Just like tokens or cryptocurrencies, NFTs can be burned, or destroyed, by sending them to an unspendable address, eliminating them from the blockchain. The goal of burning an NFT is to reduce the supply of similar NFTs, thereby increasing the demand, and, ideally, the value of the NFT. Burning an NFT costs only the amount of gas that you’ll need to send it to the non-functioning wallet address.
NFT burning is unlikely to bring any benefit to the average NFT investor, as they are literally throwing their investment away. However, for a creator of NFTs who is looking to increase the sales price or an investor who has hundreds of NFTs from the same collection, burning can be a strategic, albeit controversial, way to potentially increase the price of other similar NFTs they may own.
Most NFTs are static, in the sense that they have immutable traits that are permanently recorded on the blockchain. However, a new type of NFTs, dynamic NFTs, can be altered through outside influences, such as real-world events.
For instance, a static sports card NFT would only record past information about a player’s past performance, while a dynamic sports card NFT could be updated minute-to-minute to show a player’s performance from game to game.
In another example, a dynamic NFT inside a fantasy video game could change characteristics over time. For instance, an NFT weapon in a fantasy game could decay over time and lose value, or it could gain additional value as it’s used in more battles.
In both of these examples, the changing nature of the NFT could make it far more entertaining and engaging for the user, as well as potentially change the value of the NFT over time.

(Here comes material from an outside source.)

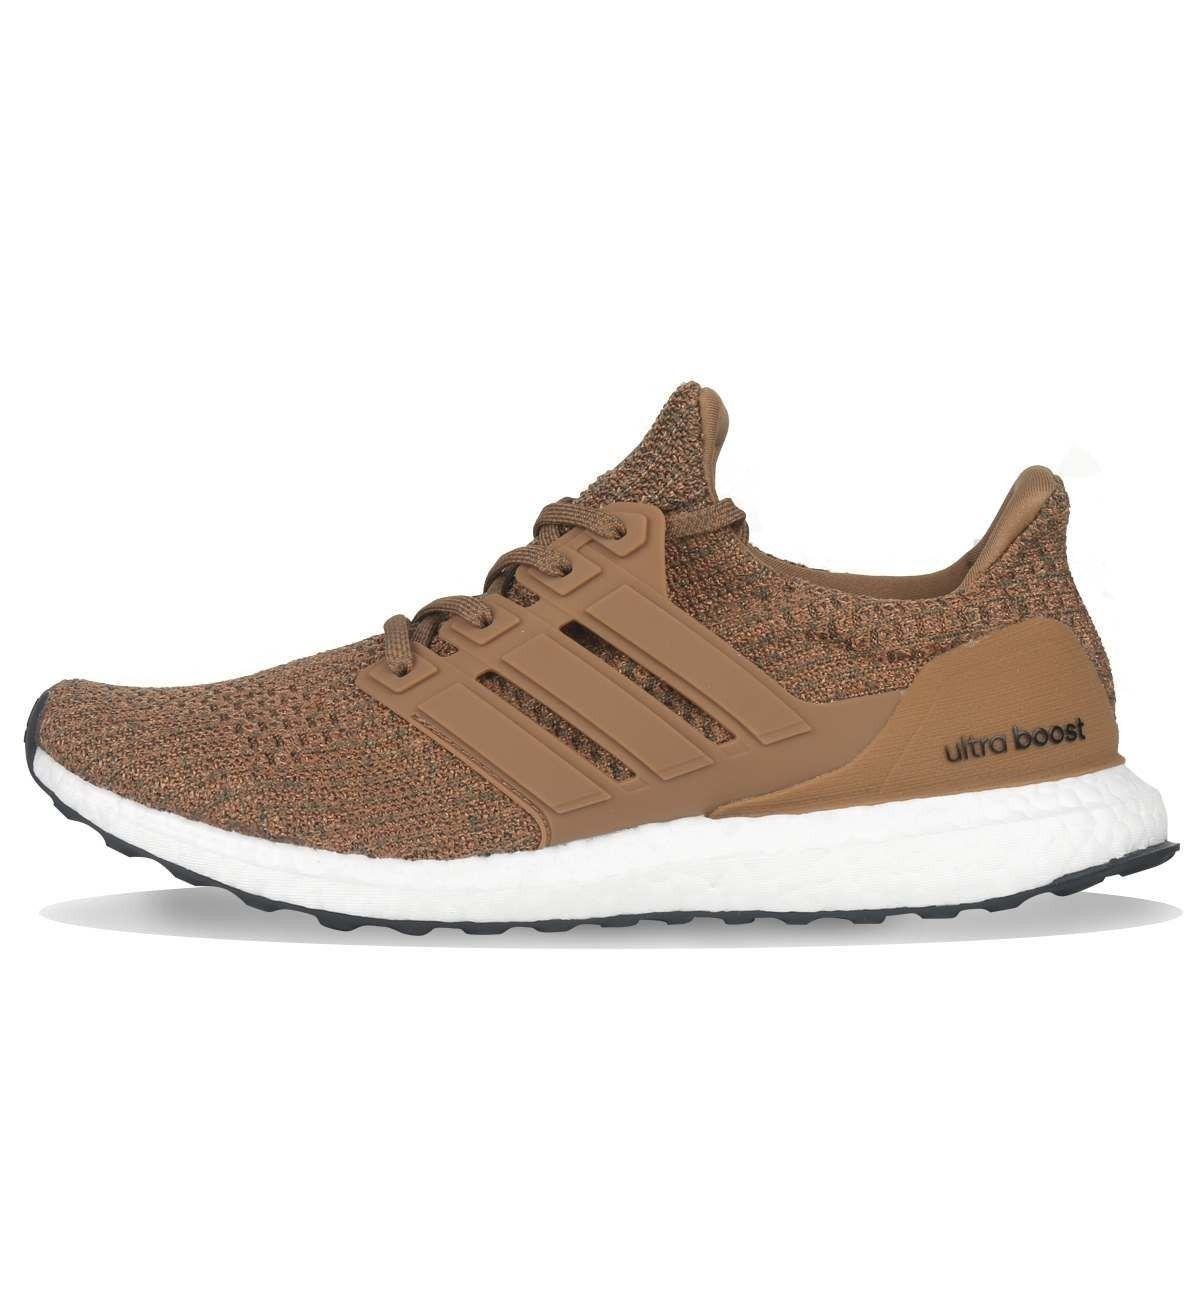 Adidas UltraBoost Raw Desert £67.99 @ 5 Pointz
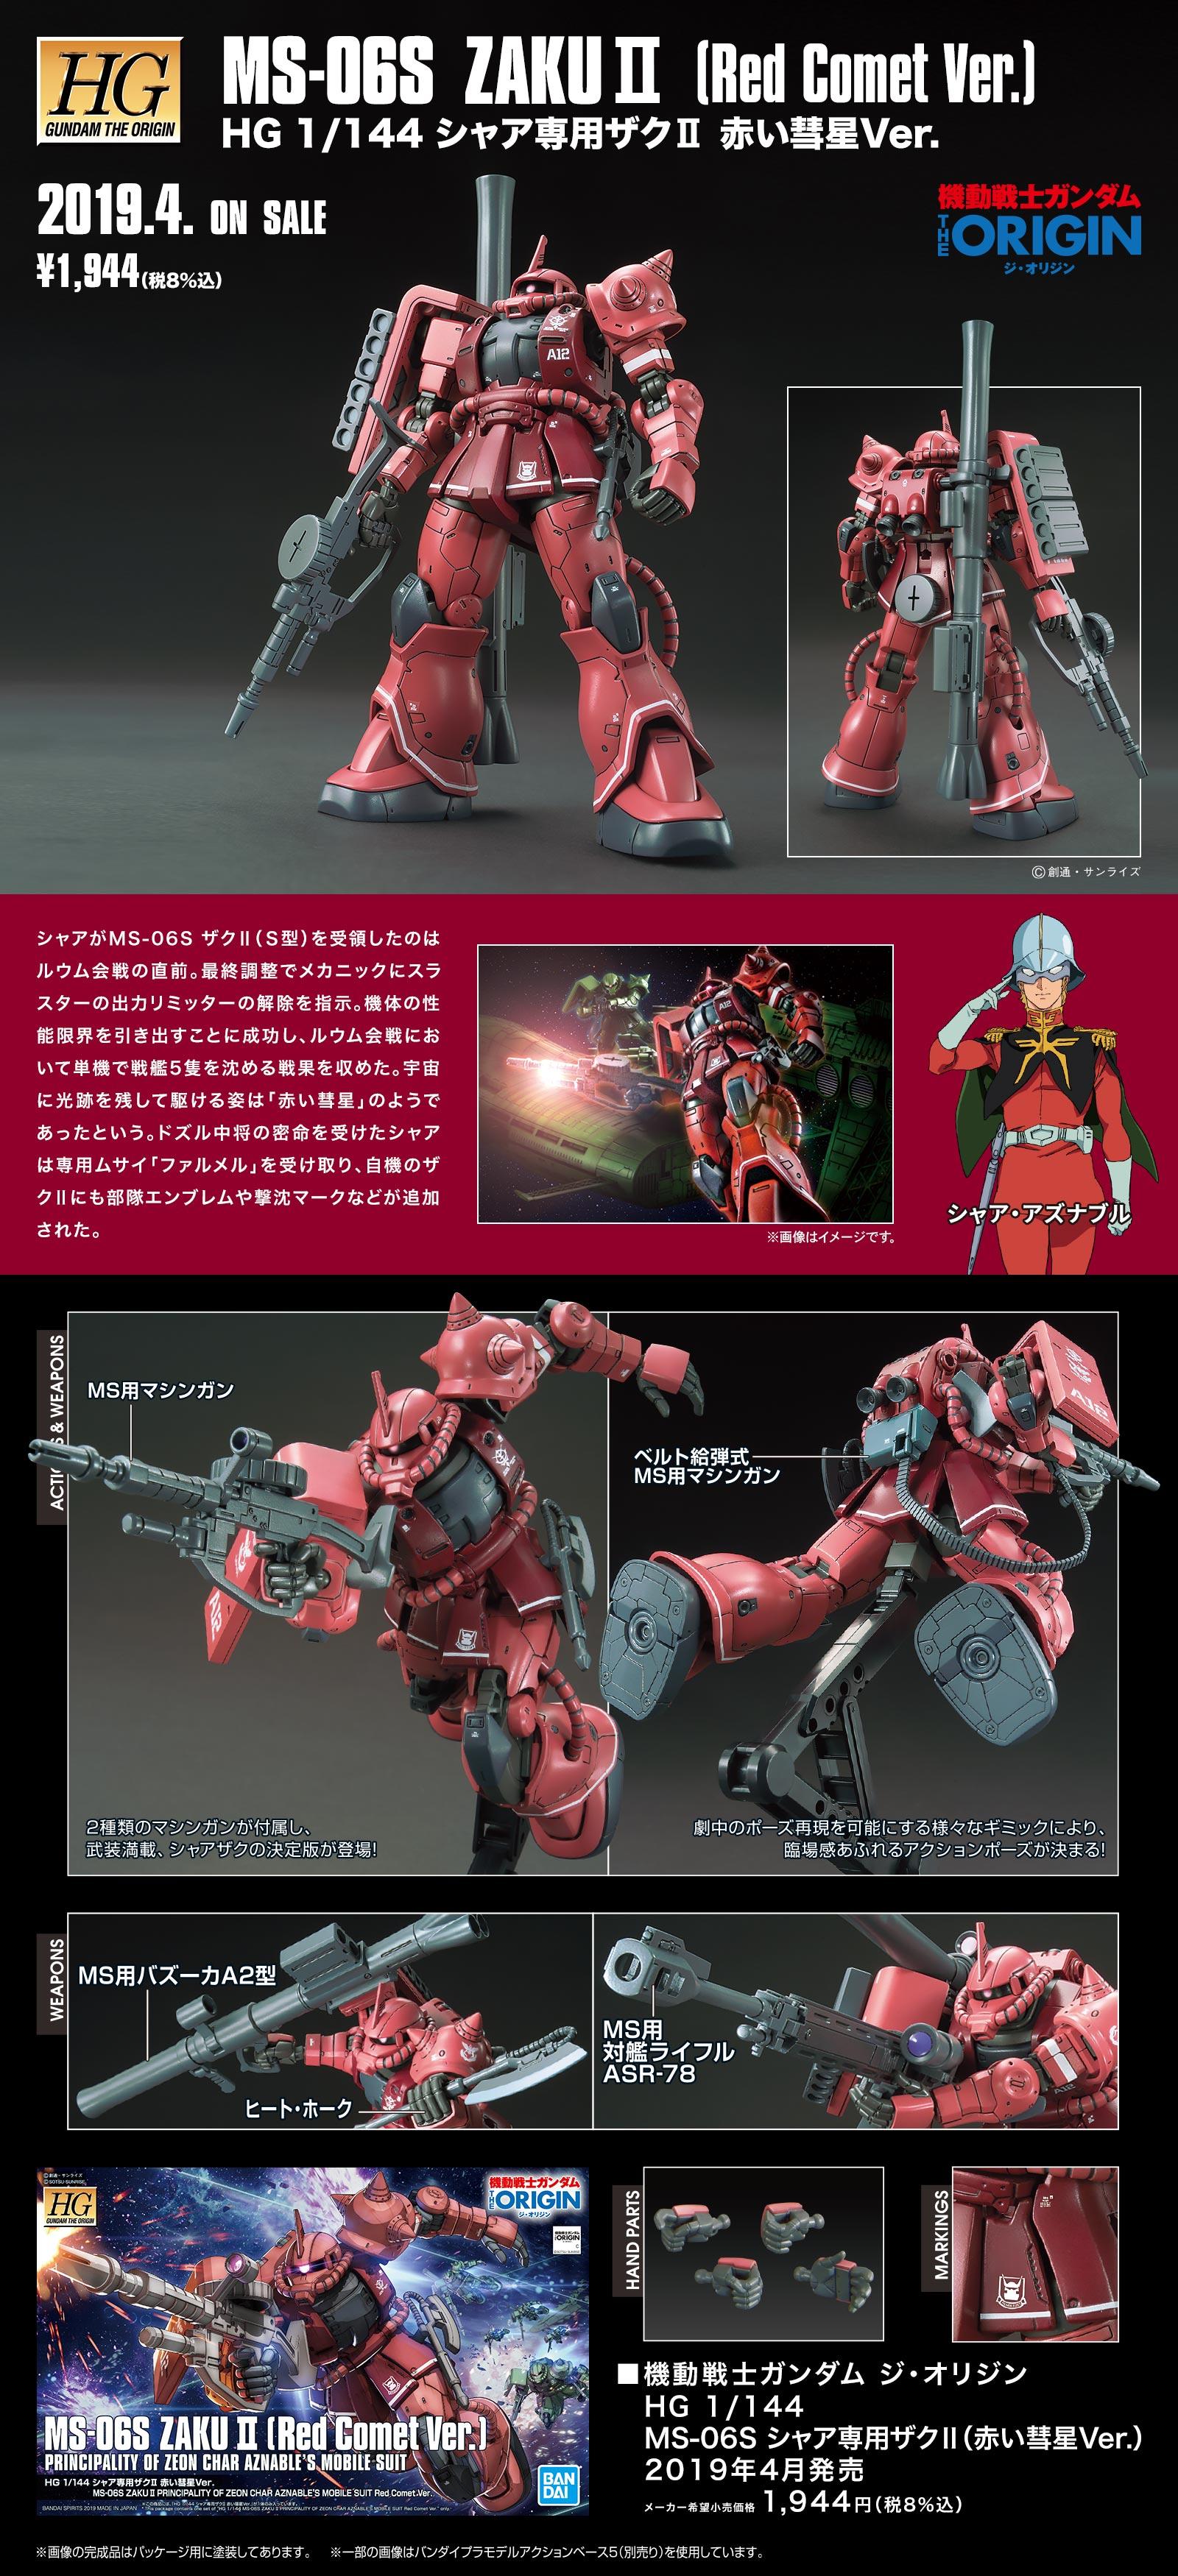 HG 1/144 シャア専用ザクII 赤い彗星Ver. 公式商品説明(画像)

Since most blockchains are closed systems, dynamic NFTs require the use of oracles, third-party services that provide “real-world” off-chain data to blockchain smart contracts and applications.
In the example of the sports card, the NFT could use a decentralized oracle to pull sports performance data from multiple online sources in order to reach a consensus about how to update the NFT’s data. In the case of the video game weapon NFT, the oracle would pull data from the game itself in order to communicate the required changes to the NFT.